Kindred Spirits: Brandy, Cognac, Armagnac, and Calvados
Brandy has been described as wine taken to the next level. Less sweet than schnapps or wine but much more robust, a great brandy can serve as a unique after-dinner drink to enjoy alone or with a cigar.
Brandy is made all over the world from Armenia to South America, Germany and France. And while French cognac is the most famous worldwide, there are many other tempting alternatives to explore for those venturing into this world of "super wines" for the first time.
Germany, France, and the United States are known for un-aged fruit brandies in flavors such as kirsch (cherry), framboise (raspberry), poire (pear), pomme (apple), and prunelle (blue plum). These brandies are made from whole fruit, resulting in a robust fruit aroma.

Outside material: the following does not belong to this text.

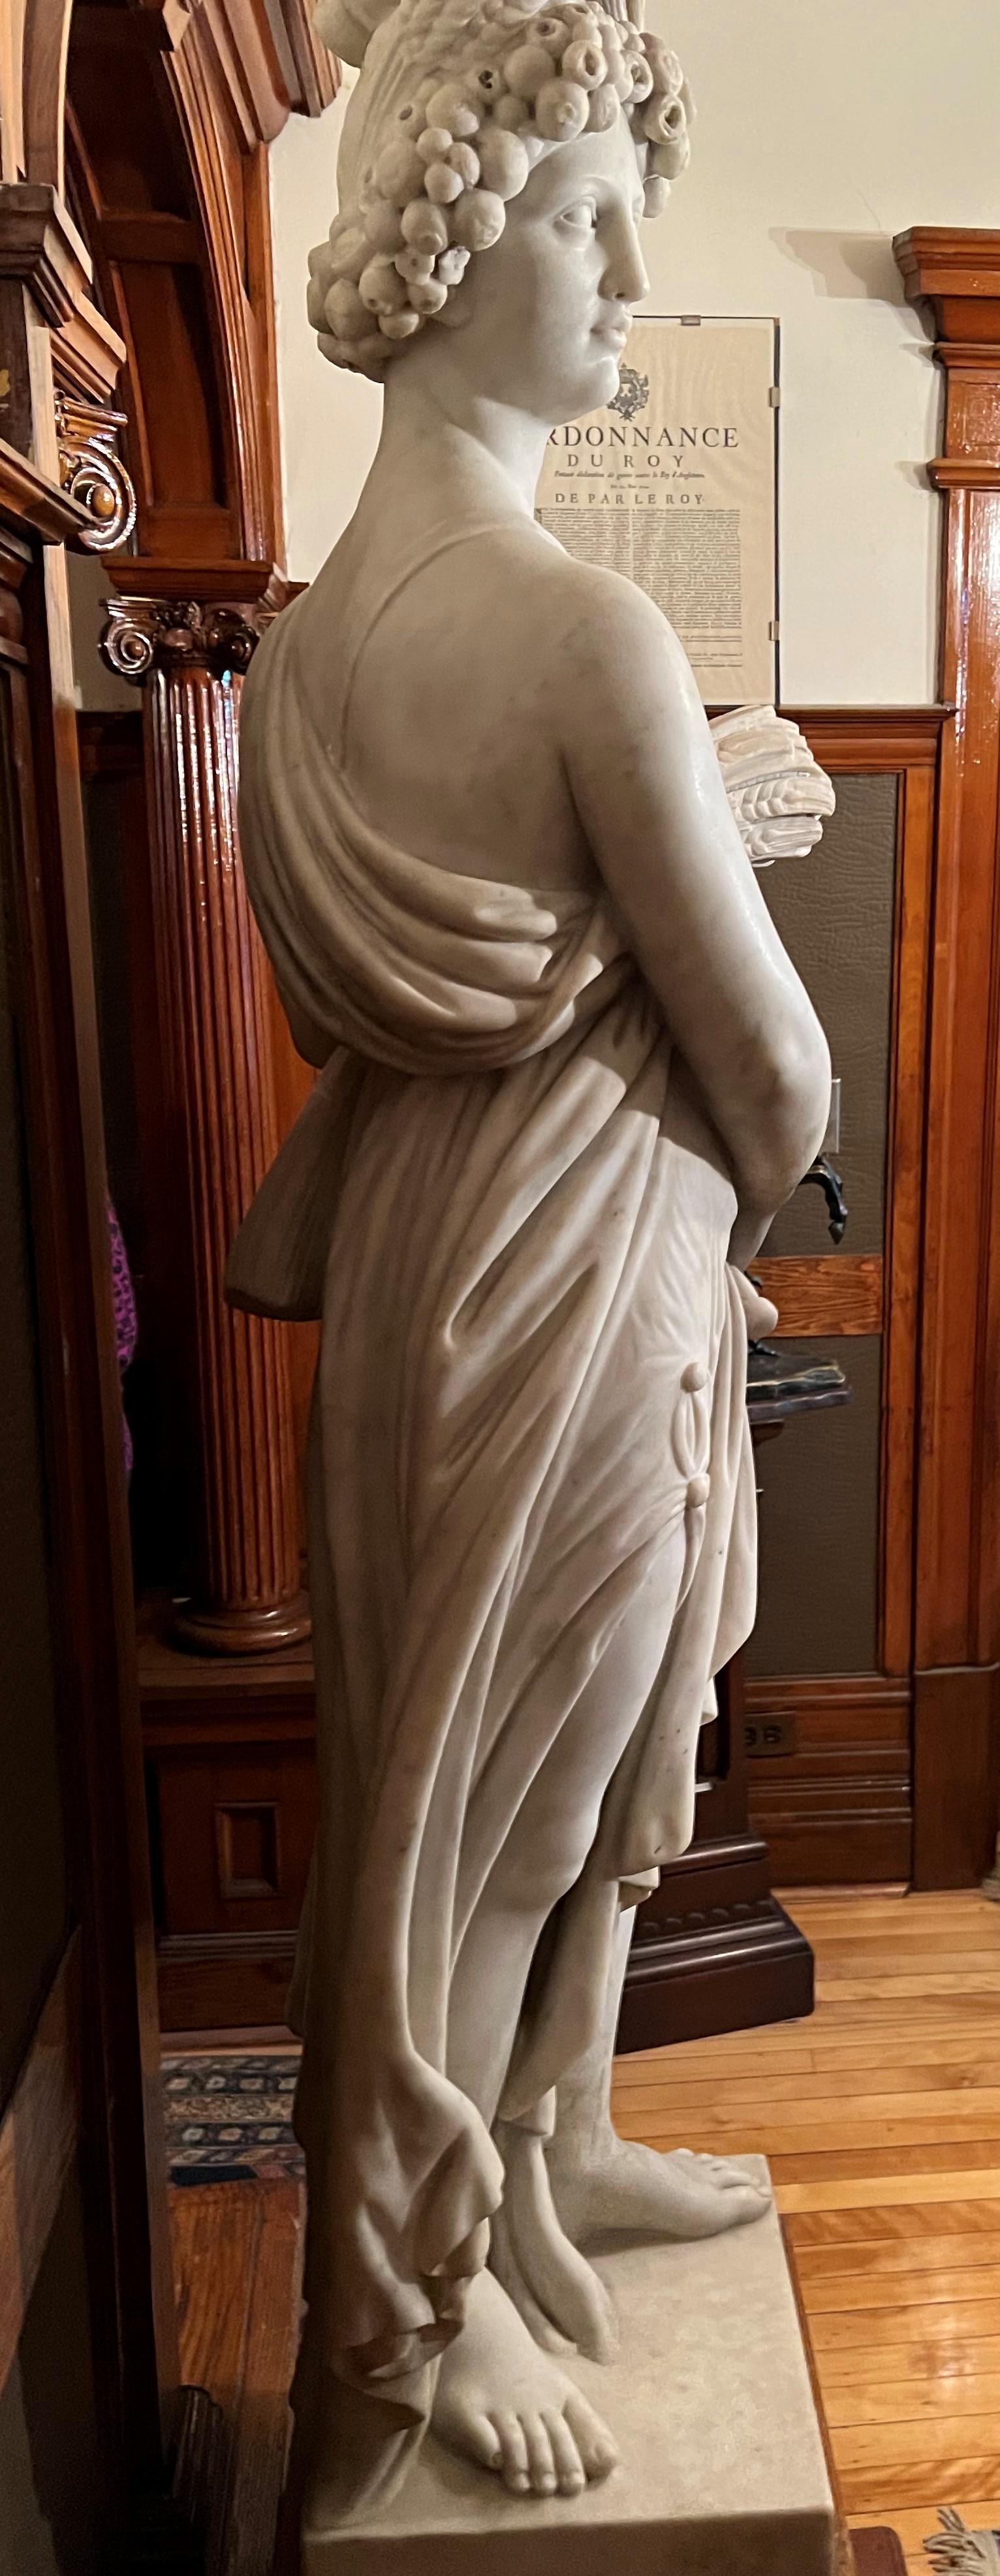 Hand-Carved Near Life-Sized Italian White Marble Figure of Ceres, After the Antique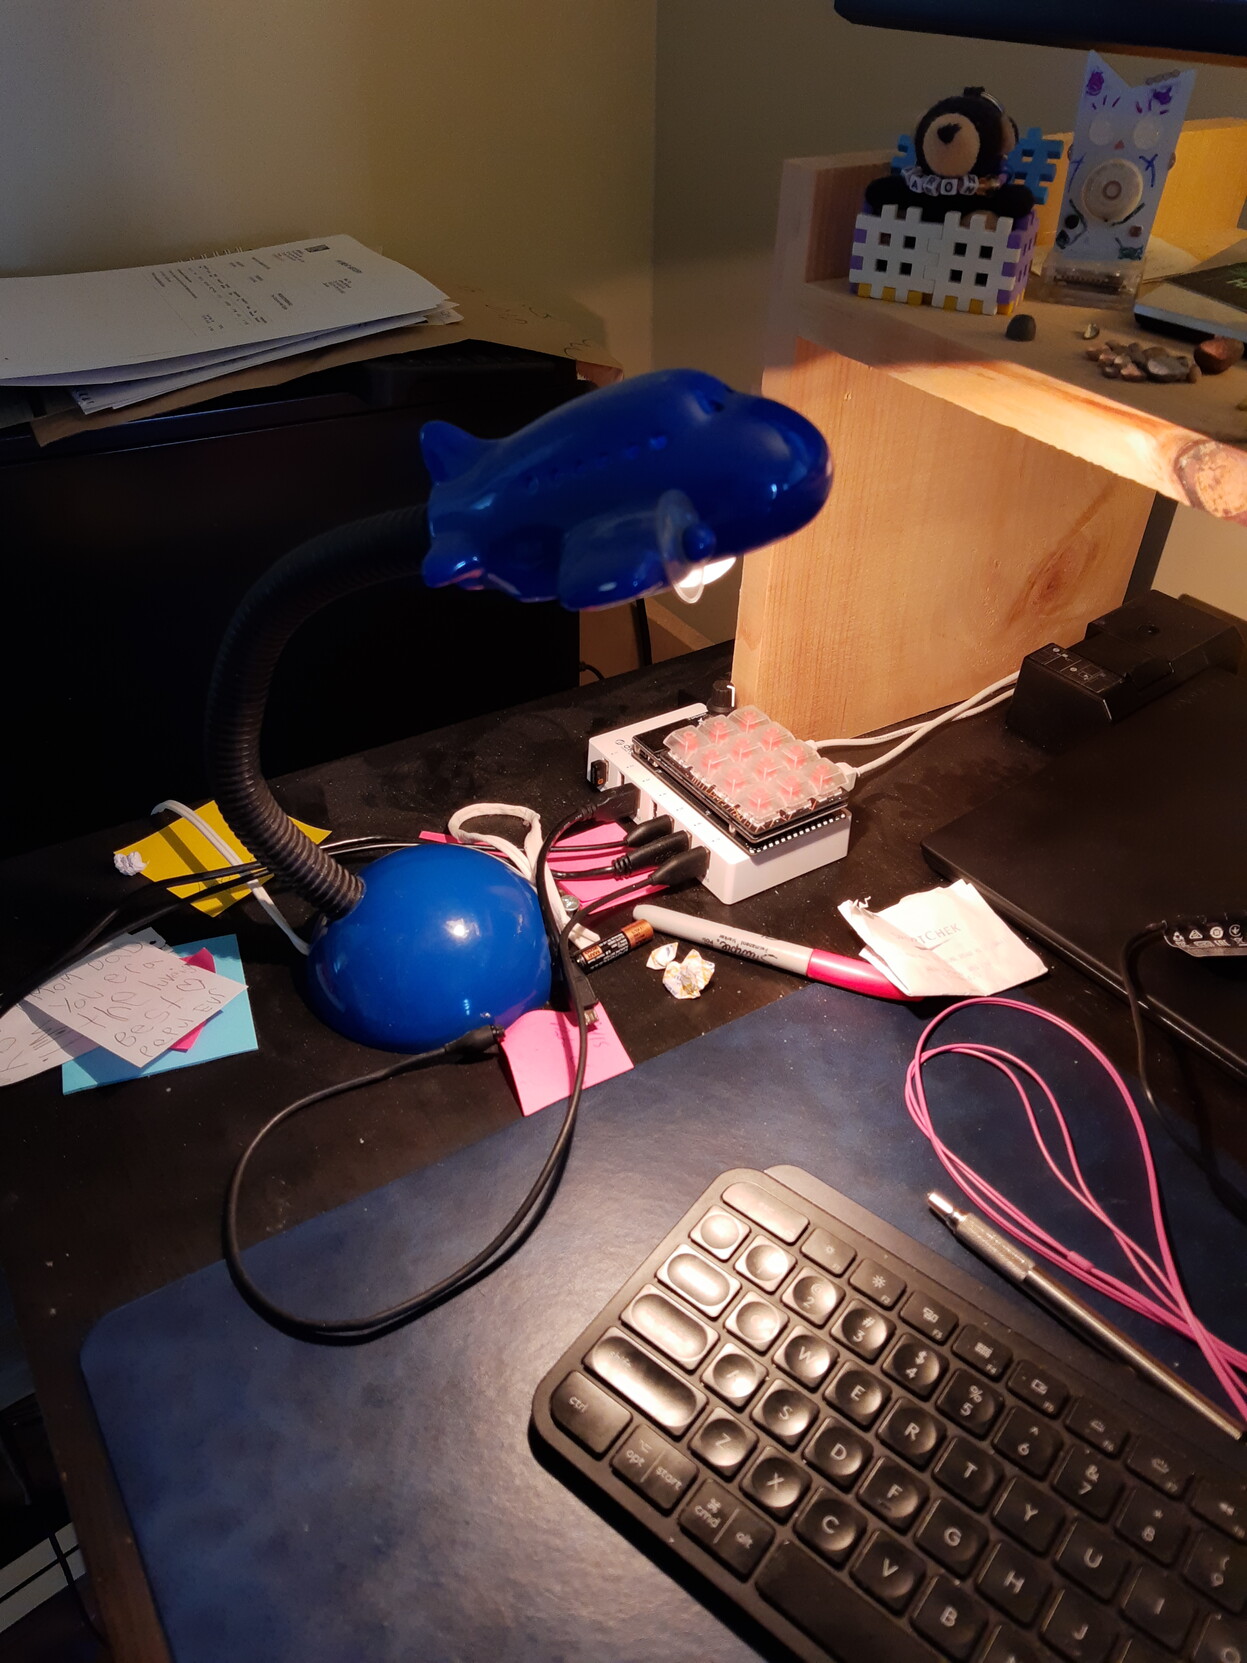 Blue airplane-shaped lamp on a black bendy arm over a blue lamp base. Has a little 25w incandescent bulb in it. It's lighting up my very messy desk.

These “eau de vies," or waters of life, are un-aged and still fiery. But they make for pleasant additions to coffee. When combined with cream and sugar, the fruit flavor is preserved and the brandy is more approachable.
When Brandy Grows Up
The cognac is graded on an age system, starting with the youngest VS (very special) to "Imperial" grades of the oldest XOs (extra olds).

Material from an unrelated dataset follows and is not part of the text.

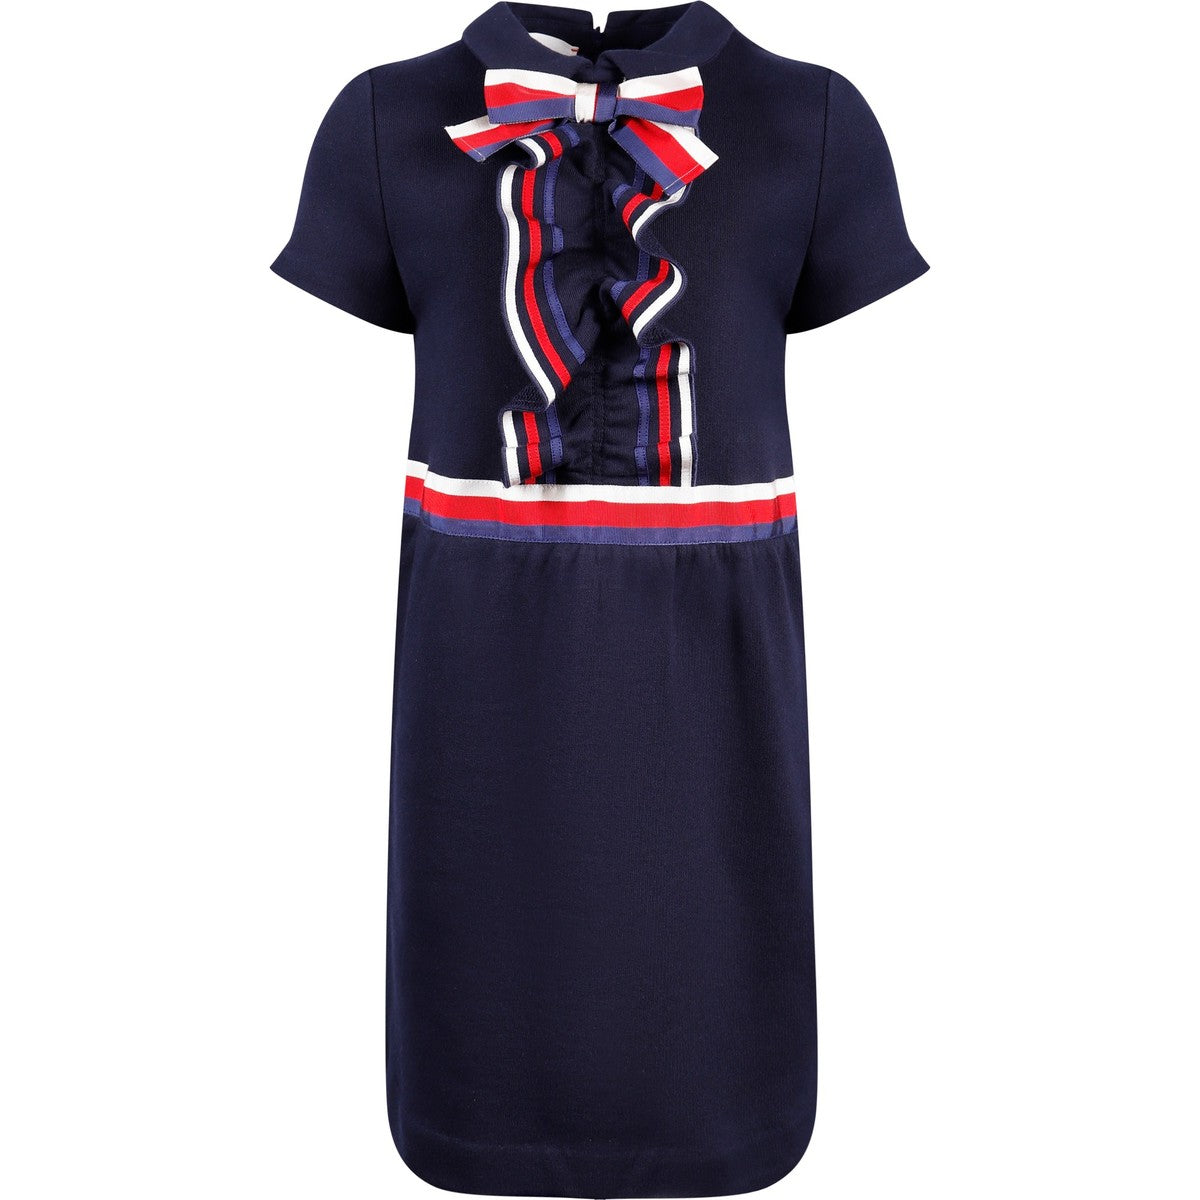 Girl GUCCI Tricolor Bow & Ruffle Dress in Navy

If you like a young, fruity, fiery cognac, or are planning to mix the cognac then choose a VS. If you like something mellow, most people gravitate toward a VSOP. The XOs, while very smooth and nice, are by far the most expensive with a starting cost of about $100 a bottle and going up into the thousands!

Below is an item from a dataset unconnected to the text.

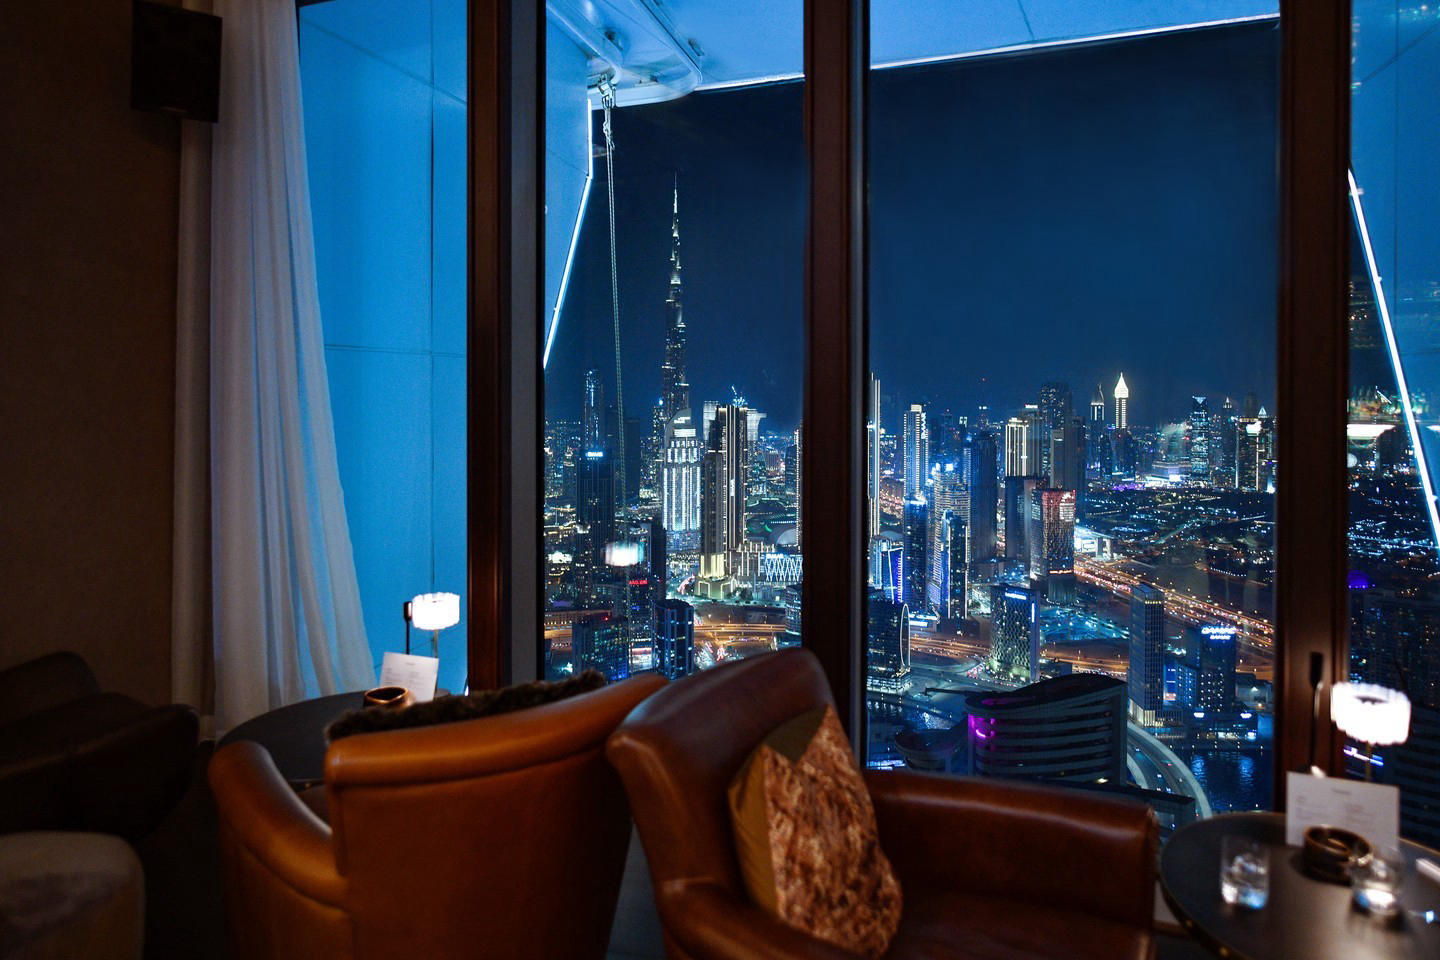 With unmatched views and a cozy seat above the clouds, #Smokeandmirrorsdubai will be your new and be

In the U.S., the most common and reliable brands of cognac include the houses of Remy Martin, Hennesey, Martell and Courvoisier. More difficult to find—but well worth the search—are the independent, small houses of France such as Maison Prunier.
But cognac is not the only brandy produced in France.
Like cognac, armagnac is a French grape brandy. But unlike cognac, armagnac is distilled only once rather than twice and is aged in black oak barrels rather than white oak.
Armagnac also tends to be less frequently blended, giving it an earthier, heartier style than the smoother lighter style of cognac.
The last great aged brandy of France is calvados from Normandy. This is apple country, and this brandy is made from apples rather than grapes.
According to legend, the Vikings drank calvados as long as 1000 years ago. It is distilled twice like cognac, yielding a smooth sipping brandy.
Combined, these brandies will always ensure France a place in the pantheon of great brandies. But in the end, all brandies are kindred spirits… robust distillations full of character.